A European manufacturer who has been in business for centuries is facing intense competitive pressure. A major player in their market, who is in worse financial shape than they are, has decided to relocate manufacturing facilities in SE Asia. Labour costs are 90 percent lower than in their old traditional plants in Europe. Our company decides to follow suit. Their brand name has a strong association with the neighbourhood in which they have manufactured for several generations. Our company's marketing team assures the Executive Team that the brand image will not suffer, since the Asians can produce high quality product, and profit margins will skyrocket. Our company decides to sink tens of millions of dollars in setting up a set of factories in SE Asia, like the competition. The little European town where the company grew up is decimated, as our company has been the major employer in that area for more than 200 years. Supply of product to the key North American and European markets is damaged for months in the transition period. Inventory stability is destroyed. Consumers clue in to the fact that goods produced under our company's brand name is no longer from that little European town with a great reputation for craftsmanship. Our company's reputation as a producer of prestige product is at risk.

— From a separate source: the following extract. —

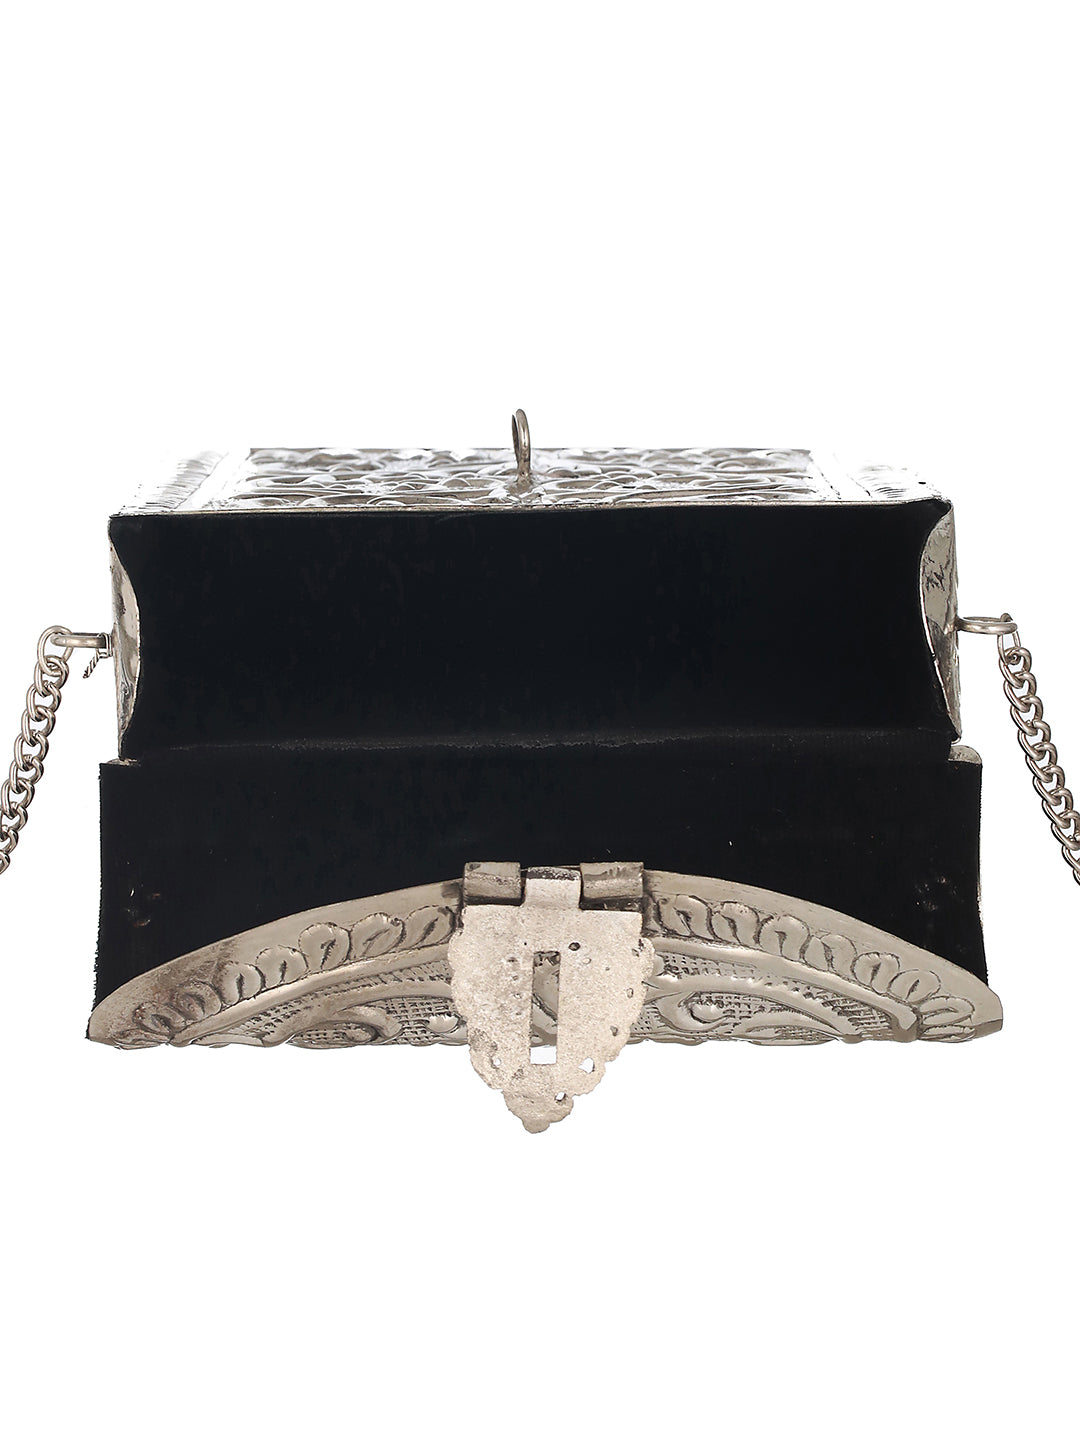 EMPIRICART Silver Metal Beaded Handicraft Beautiful Bling Box Clutch Bag  Purse For Bridal, Casual, Party, Wedding : Amazon.in: Fashion
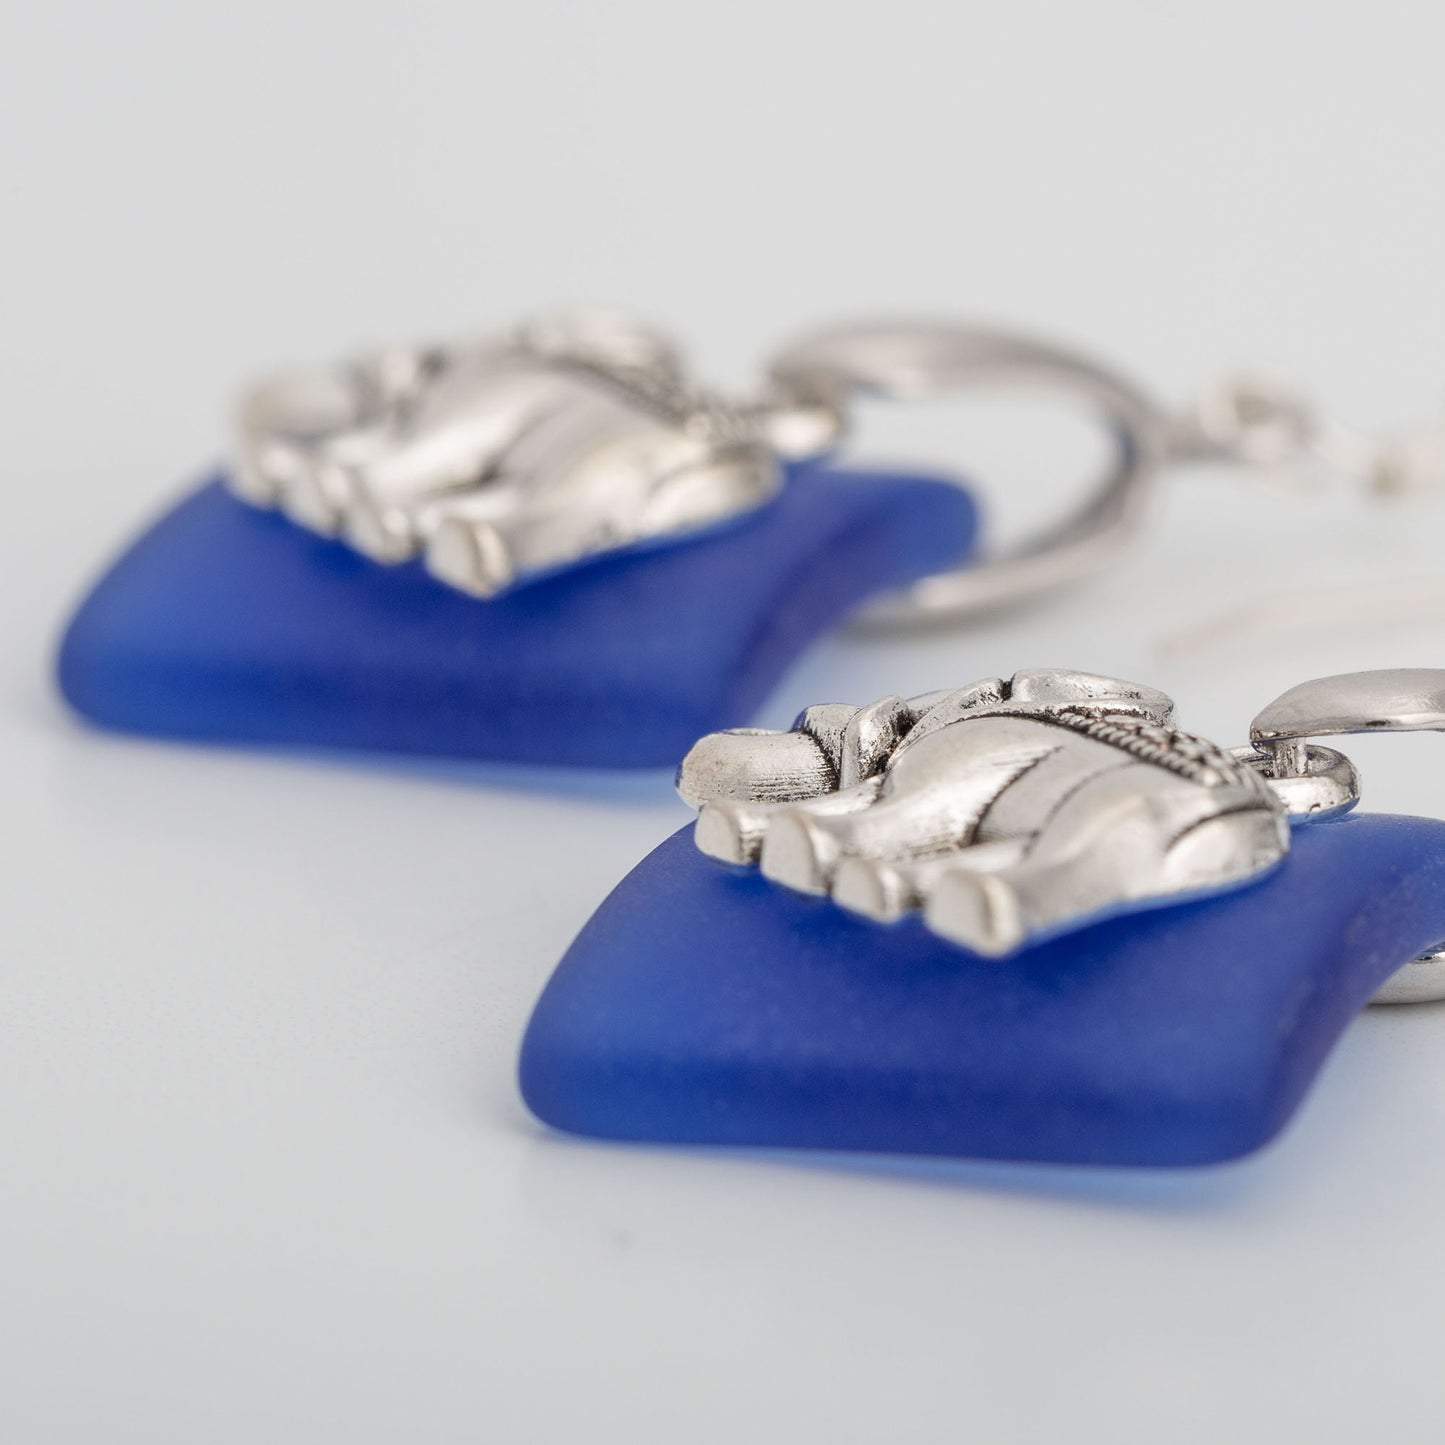 Elephant Sea Glass Earrings

A new Vice President is hired in to a retail company who is struggling to achieve former glories. The new woman's credentials are impecable. She is experienced, skillful, and possesses great drive. She works hard with her staff to build an internal analytical infrastructure to guide buyers in their appreciation of the impact that purchasing decisions have on inventory management, gross margin, ROII, and company profitability. Some buyers had to be terminated for refusing to accept the new direction. In the fullness of time, the changes start to take root, and ROII begins to recover. The new VP is rewarded with a new car, raises in salary and richer benefits. She goes on a Buying Trip in Asia. While there, she ignores the new buying infrastructure and decides to go with her "gut feel". She spends too much money on new inventory. Far too much money. This crushes the frail financial recovery that the company has recently enjoyed, and sends it on a downward spiral to bankruptcy. The VP is fired, but walks away with a $1 million severance. The employees are now out of work, and the company's assets are sold.
These scenarios are loosely based on fact.
How might a strong sense of ethics have helped resolve these problematic stuations?